Knife 1: SPC cold-start baseline drift
SPC uses statistical thresholds (mean +/- 1.5sd). But where does the mean and sd come from on day one?
You need 500-1000 “normal” traces to establish a baseline. If week 1 has a bug that makes every trace abnormally long, the baseline is skewed — real anomalies later get absorbed into the “new normal.”
Measured: I simulated three phases (normal → bug → recovery + new anomaly) to find the real risk:
| Bug severity (mean) | Mixed threshold | Anomaly (20 steps) detected? | Static threshold (>10) |
|---|---|---|---|
| Normal(5) → Bug 8 | 9.7 | Yes | Yes |
| Normal(5) → Bug 12 | 12.7 | Yes | Yes |
| Normal(5) → Bug 16 | 16.7 | Yes | Yes |
| Normal(5) → Bug 20 | 20.5 | No (missed) | Yes |
| Normal(5) → Bug 21 | 21.6 | No (missed) | Yes |
Crossover: dynamic threshold only fails at 4x the normal mean (Bug mean >= 20). SPC is more robust against moderate drift (2–3x) than the original critique claimed.
Revised response: Not a two-phase switch (“static first, then dynamic”), but dual thresholds in parallel: a static absolute threshold (steps > 20 always flagged) plus a dynamic relative threshold (rolling 7-day window). Either triggers — no dependency on clean cold-start data.

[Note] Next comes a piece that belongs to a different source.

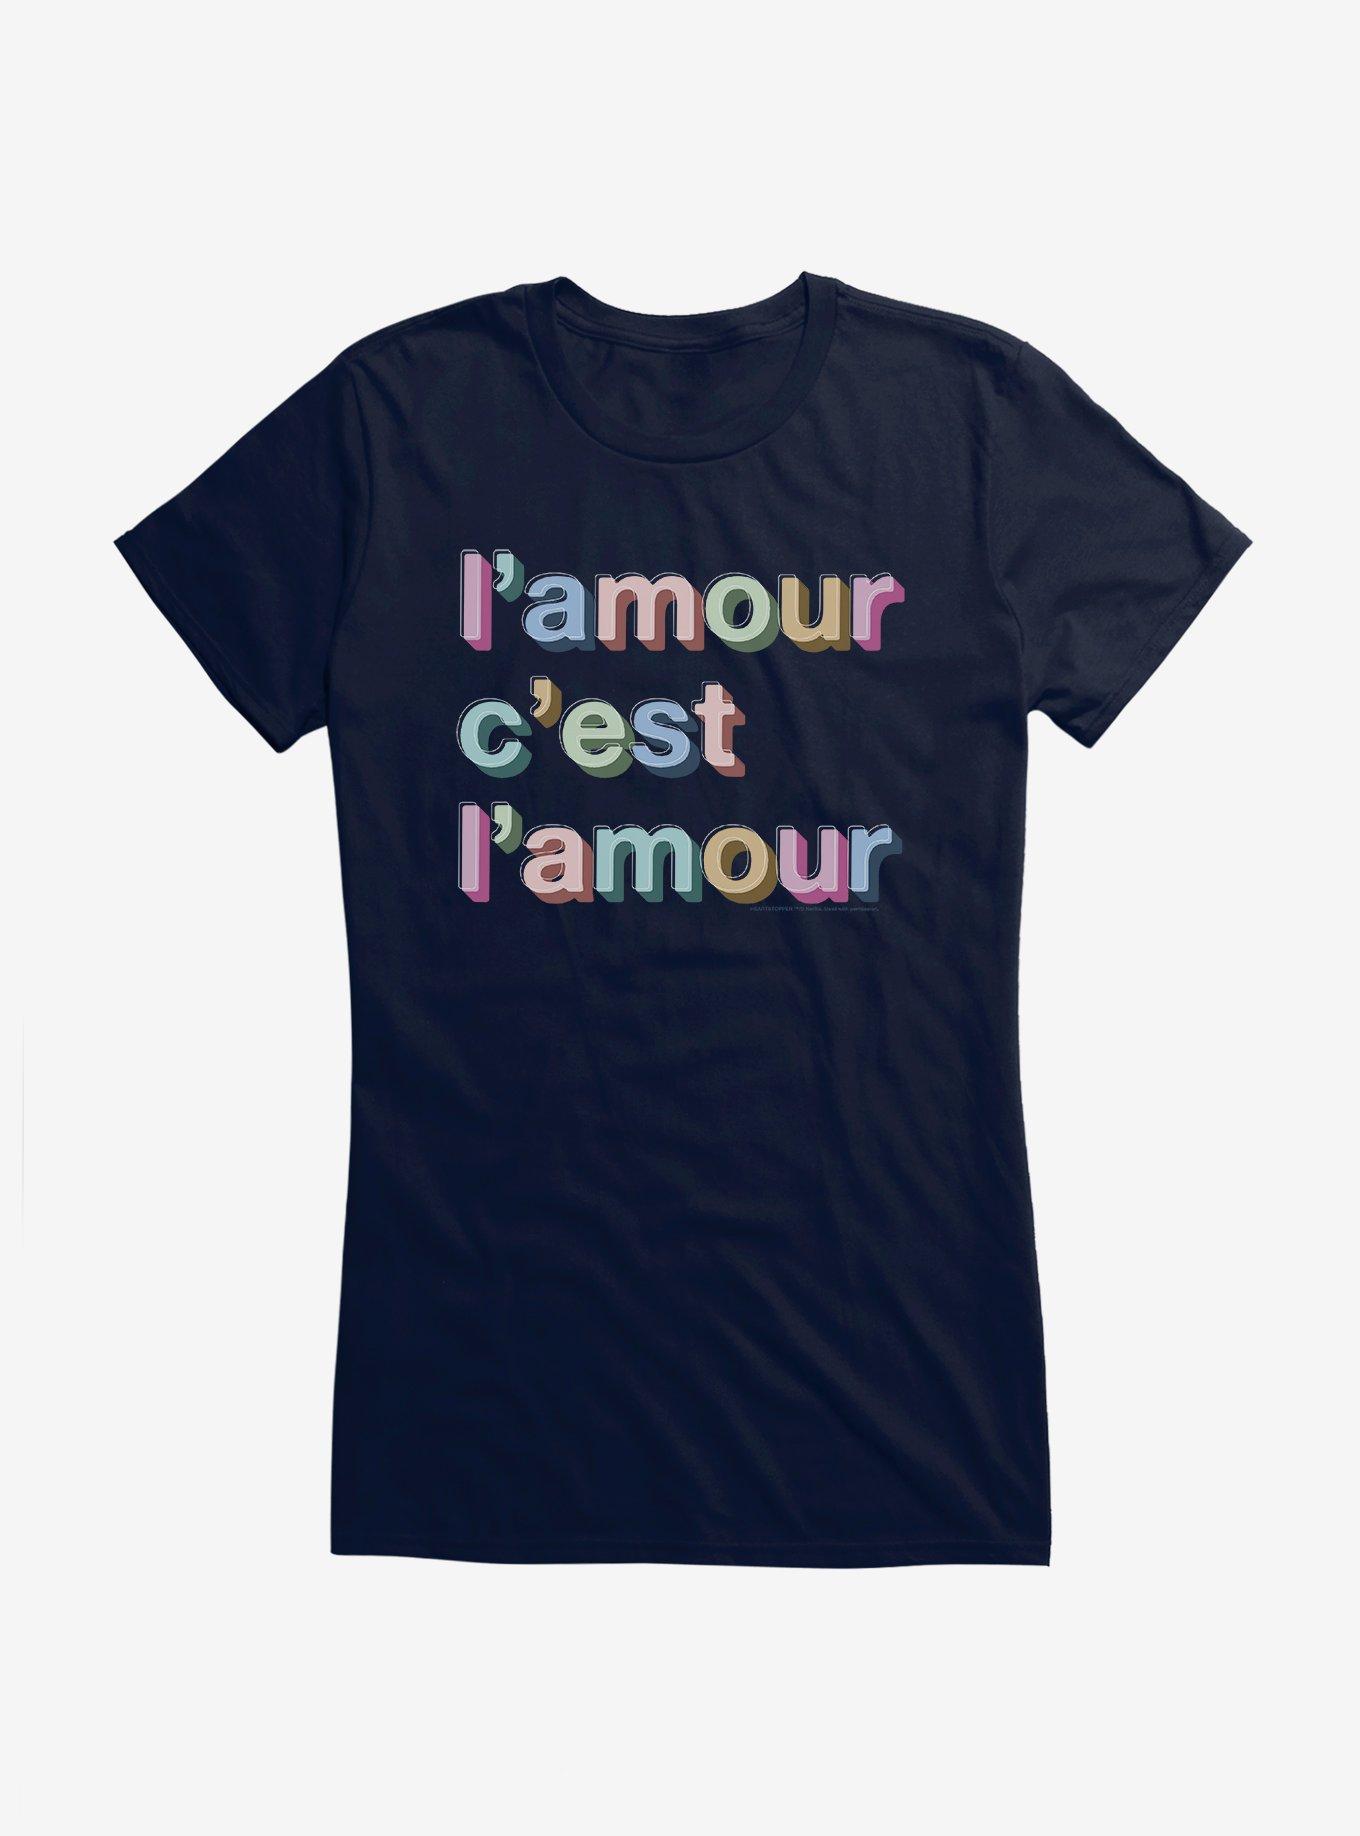 Heartstopper L'amour C'est Girls T-Shirt

Knife 2: context escape in sensitive-tool interception
Keyword-based scanning of the user’s request text for “send,” “email” — but this fails on:
“Simulate sending a quote email to the client for preview, don’t actually send it.”
The scanner fires — user gets blocked — forced into manual flow. The agent’s actual call chain only had preview_email, never send_email.
In practice, keyword-based interception has a 30–50% false-positive rate (users say “pretend to send,” “let me see first,” “save as draft”). Every false block erodes user trust. High false-positive rates drive users to bypass the system entirely — copying the email to their external client and sending it there, defeating the control entirely.
Revised response: Execution-time interception only. Block the agent at the point of tool invocation (send_email called = block; preview_email called = pass). Don’t scan the user’s request text. This sacrifices “early interception saves inference cost” but delivers zero false positives — the tool was either called or it wasn’t, no ambiguity.
Knife 3: diff review “10 seconds” shrinks in real UI
The measured “50-character diff in 10 seconds” is pure reading time. In production, the reviewer’s flow is:
See highlight → recall what the original said → think about context → judge whether the change introduces an error → click approve/reject
With context-switching overhead, real per-item time is 30–45 seconds. At 50 items/day: 25–37 minutes. Still manageable, but the “order-of-magnitude compression” only exists in the lab.
Revised estimate: Diff review time adjusted from “10 s/item” to “30 s (routine) / 90 s (deep review).” Impact on staffing: 0.3 FTE → 0.5 FTE. Not a collapse, but an honest correction.
Final honest table
| Dimension | Original design | After all corrections |
|---|---|---|
| SPC cold start | Not addressed | Dual thresholds in parallel, robust to 4x drift |
| Sensitive-tool interception | Keyword scan (30-50% FP) | Execution-time only (zero FP) |
| Diff review time | 10 s | 30-90 s (0.3 → 0.5 FTE) |
| Engineering cost | 2 engineer-months | 3.5 engineer-months |
| LLM dependency in control layers | None | None (verifiable, deterministic code throughout) |
What remains are business decisions: accept “high risk = human”? accept “semantic traps caught by sampling, not prevention”? accept 30–90 second diff review cycles? These questions have no engineering answers — but the engineering baseline for answering them is now measurable.
“Don’t judge correctness. Judge risk.” — this isn’t a smarter architecture. It’s a more honest one. It doesn’t claim to solve what it can’t solve. It just makes the remaining manual work cheaper, faster, and less error-prone.
And after five rounds of measurement, falsification, self-correction, and reconstruction — that’s as far as engineering can go. The rest is a business decision.